И, наклоняясь, доверительно зашептала:

— А вчера в садике яблоню срубил на дрова. Это живое дерево-то! Я так и ахнула, — спятил мой старик! Какие скороспелки эта яблоня родила, страсть! А ему уж вроде ничего и не жалко, ничего не надо, как, скажи, все это чужое стало… Никто его в колхоз силком не тянул, сам по доброй воле вписался, а вот, поди ж ты, что с человеком поделалось. Перед этим такой веселый был, пришел с собрания, говорит: «Ну, старуха, теперь мы колхозники. Нынче записался. Артелем будем работать. Может, в колхозе не так кормовито будет, зато горб будем меньше гнуть, при старости годов пора нам и отдохнуть». Заплакала я в голос, а он смеется: «Дура, нам, старым, там легче будет, утри глаза!» А как худобу свел с база, так будто кто его подменил… Коров, никак, посулили вернуть, а там кто ж его знает, отдадут, нет ли…

У крыльца заскрипел снег, послышались мужские голоса. Старуха смолкла, проворно укрылась с головой рваным одеялишком.

Гулко гремя смерзшимися валенками, в комнату вошел Прокофьевич, за ним — хозяин.

За ужином Прокофьевич всячески пытался вовлечь хозяина в разговор, но успеха не имел: старик отмалчивался или отвечал коротко, односложно и заметно тяготился навязчивым собеседником. Обиженный Прокофьевич постелил на лавке полушубок, улегся спать. Старуха, наверное, тоже уснула, лишь хозяин бодрствовал: принес со двора охапку мелко нарубленных дров, затопил печурку, устроенную под кроватью, присел к огню. Почуяв тепло, поближе к печке перебрался и ягненок. Он долго стоял, покачиваясь на расслабленно подогнутых ножках, потом тихонько заблеял, призывая мать, и снова лег у ног старика, уставился на огонь бесовскими, выпуклыми, желтыми глазами; в продольных, косо прорезанных зрачках его трепетали радужные отблески пламени.
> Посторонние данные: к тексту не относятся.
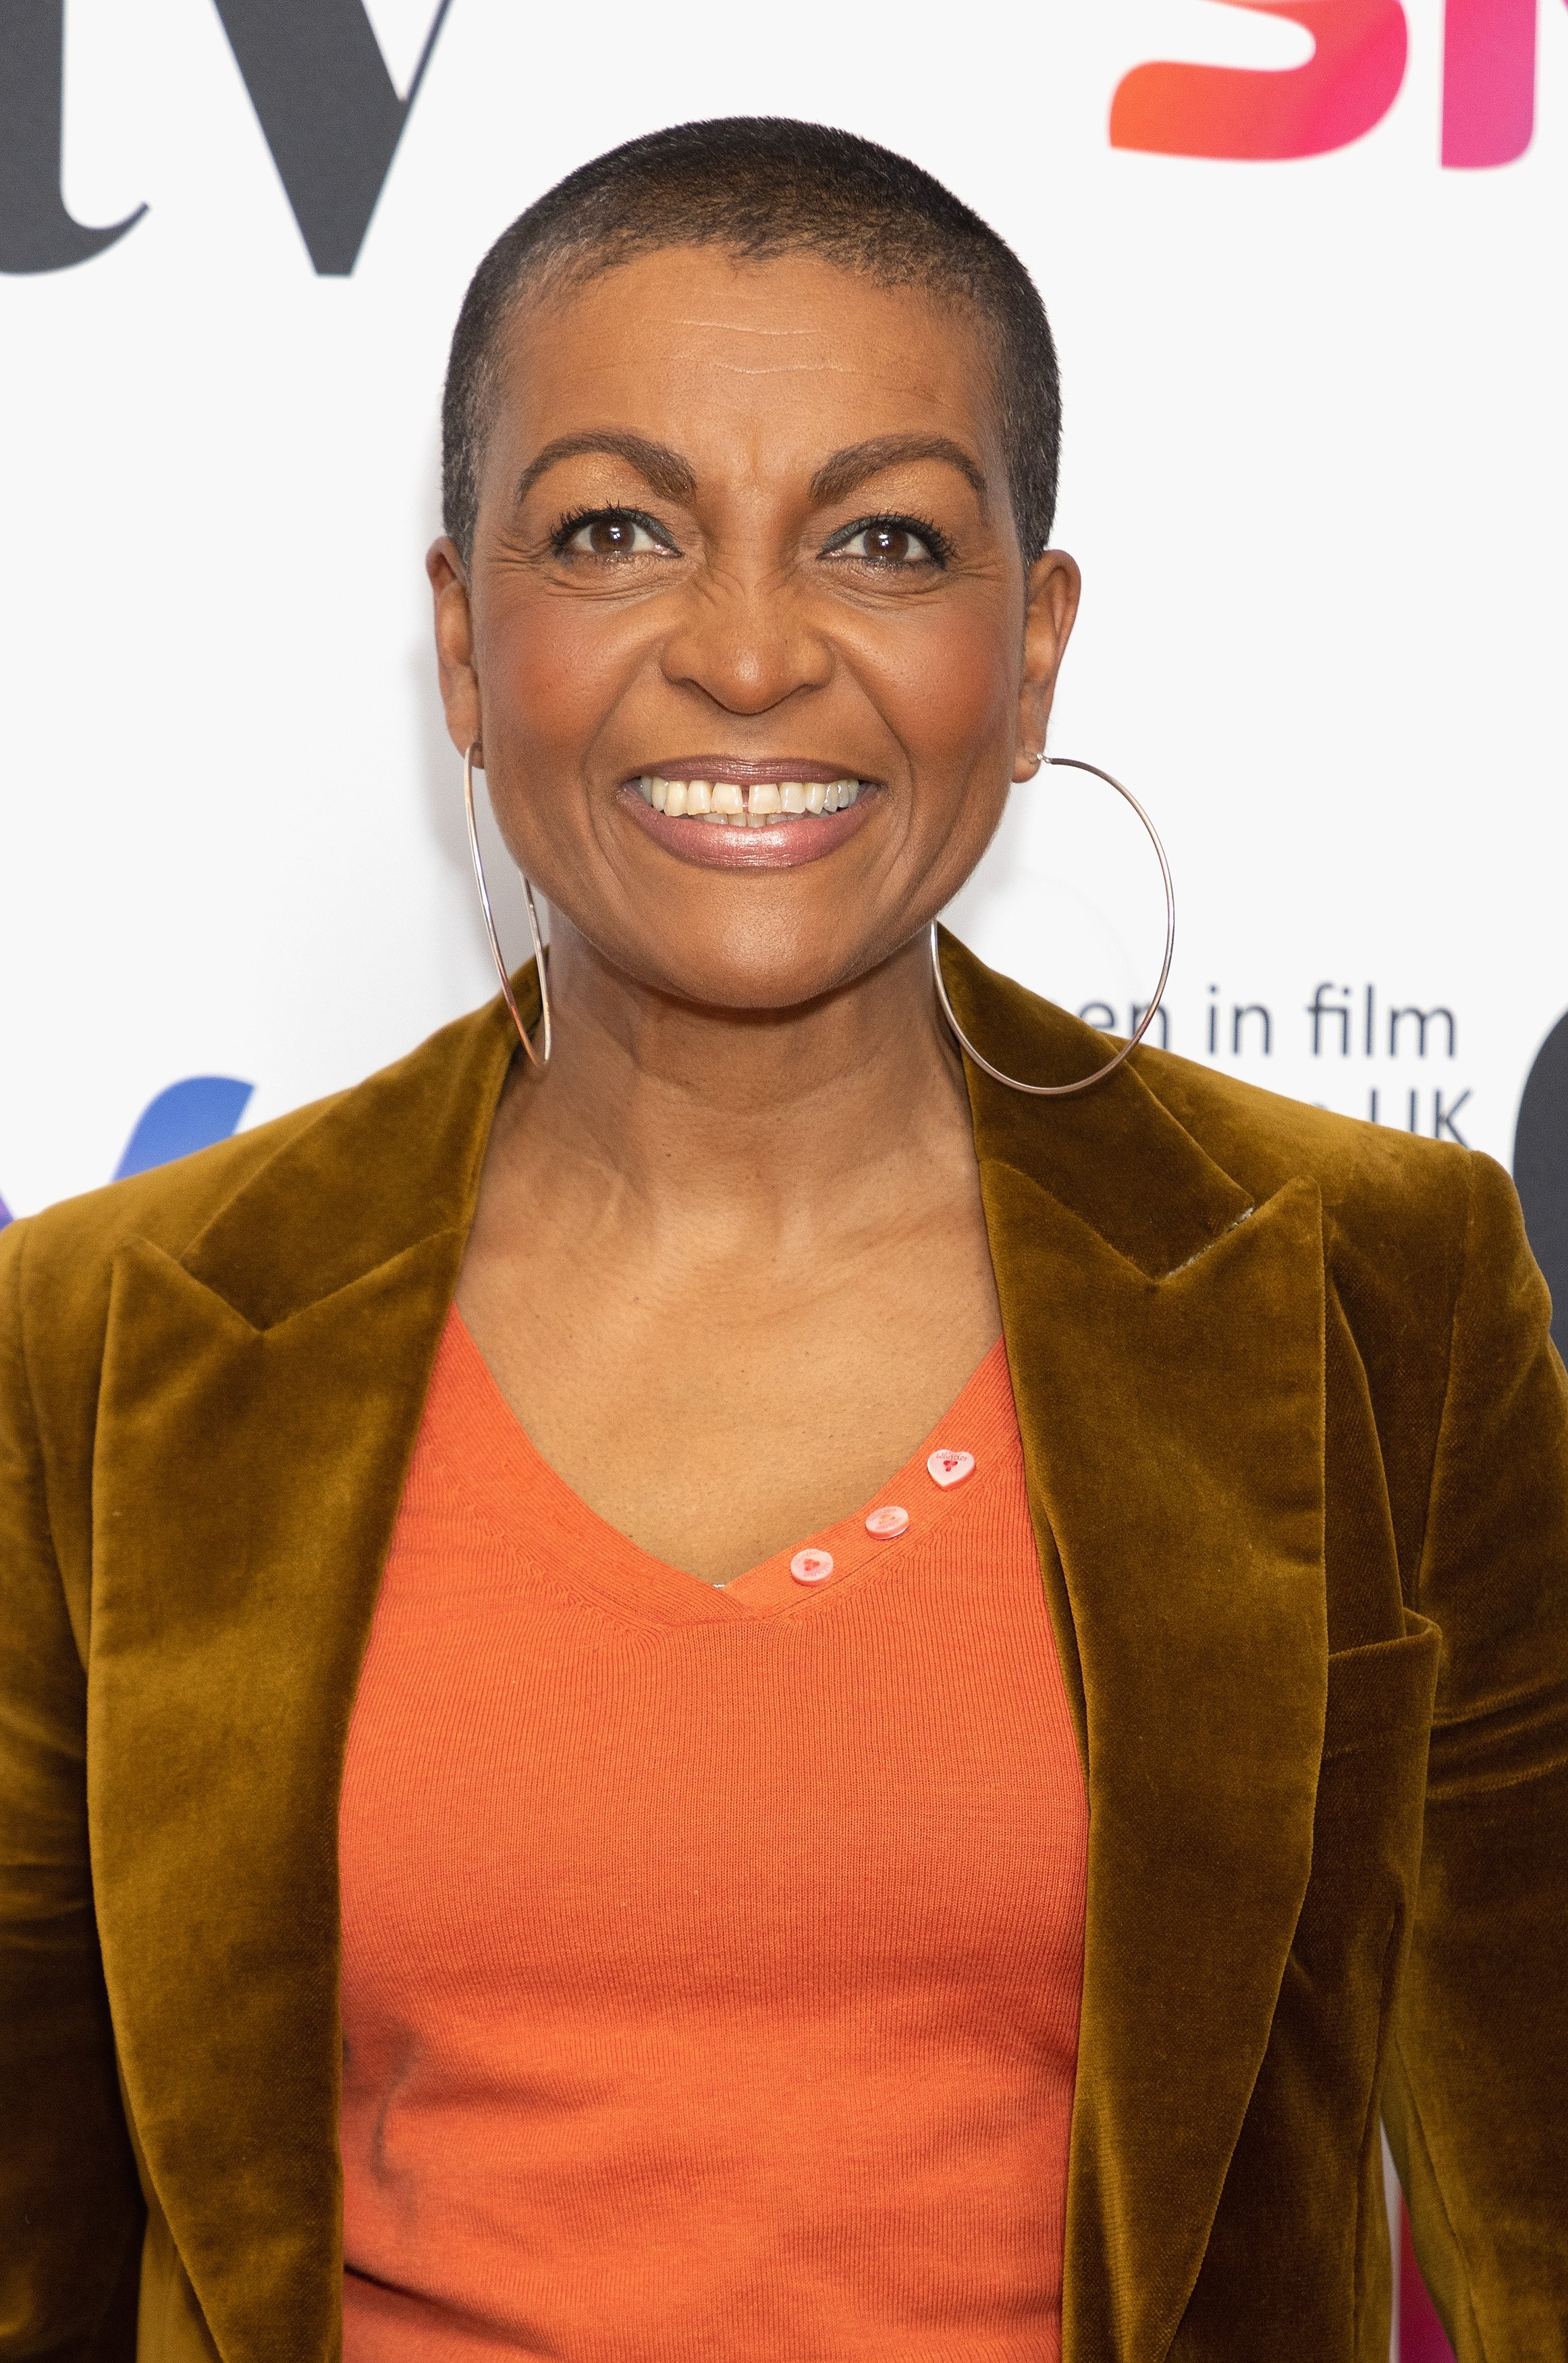 Adjoa Andoh at the "Sky Women In Film And TV Awards" 2022 on December 02, 2022, in London, England. | Source: Getty Images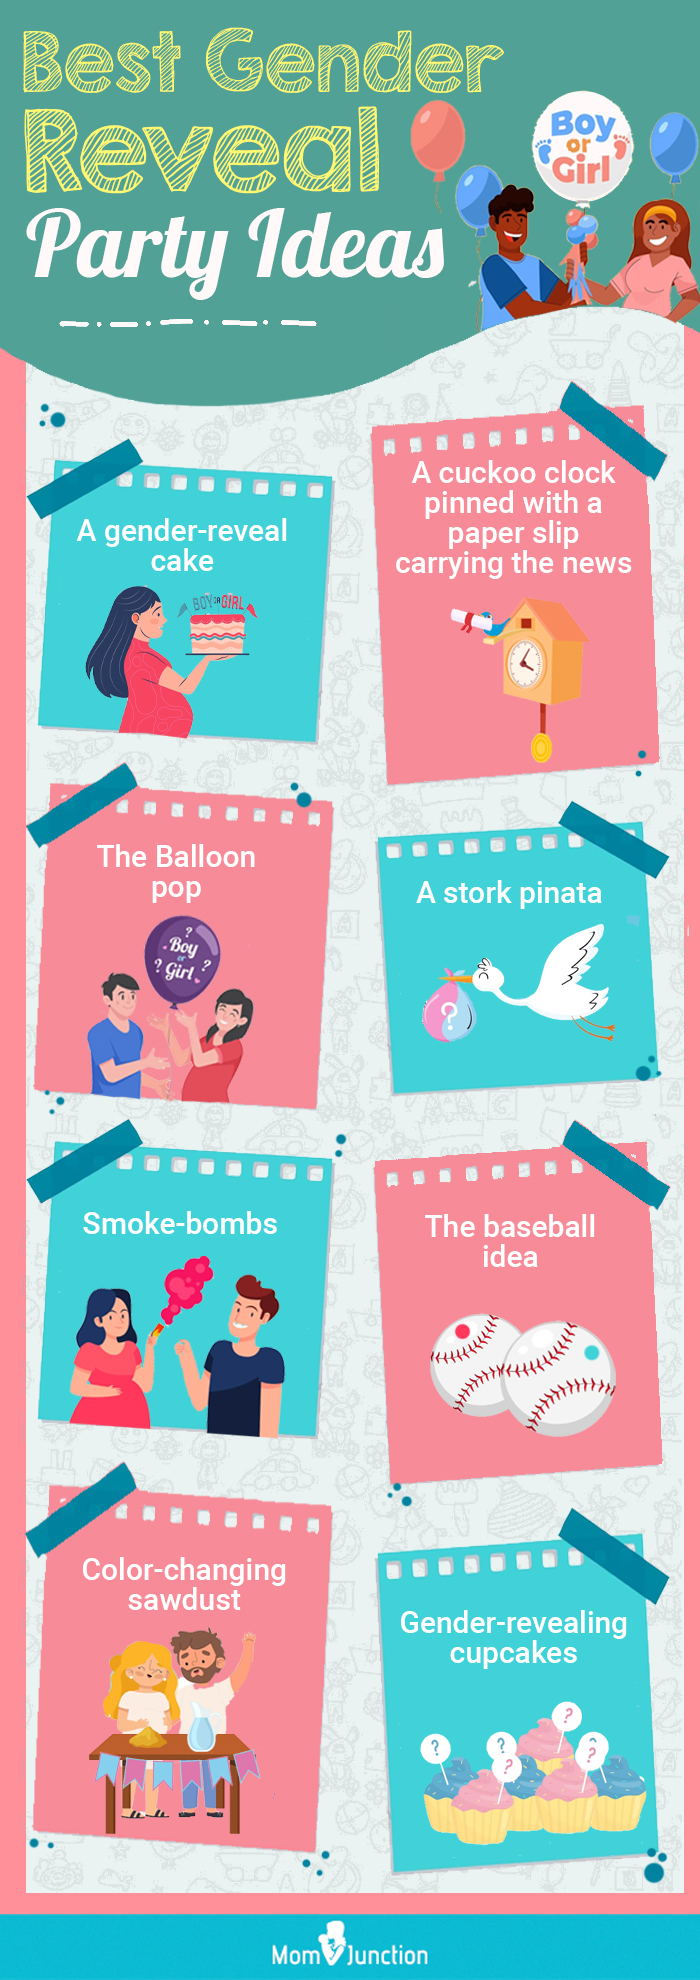 best gender reveal party ideas (infographic)

— Вот какая насекомая, без году неделю на свете живет, а понимает, где лучше, к теплу жмется. — Старик указал кивком головы на ягненка, чуть приметно улыбнулся.

Долгое молчание было нарушено, и я решился спросить:

— Что ж не ложишься спать, хозяин?

— Сну нету, того и не ложусь.

Как видно, невысказанное горе плескалось уже через край, молчать старику стало невмоготу, и он заговорил, изредка поглядывая на меня ввалившимися, угрюмыми глазами:

— Старикам сроду сладко не спится, а по нынешнему времени — вовсе. Ведь вот кое-кто из служащего народа легко думает об нашей хлеборобской жизни, а понапрасну так думает… Недавно был у нас на хуторе приезжий один, уполномоченный человек из района; как раз пригнал я свою скотину сдавать в колхоз, он и говорит: «Теперь, папаша, воздохнешь ты свободно! Никакой заботы у тебя не будет. Скотину тебе не убирать, об корме для нее не печаловаться. Зимним бытом тебе только и дела будет: поел — да на печь. Разве что весной или в уборку поможешь колхозу по своей силе-возможности».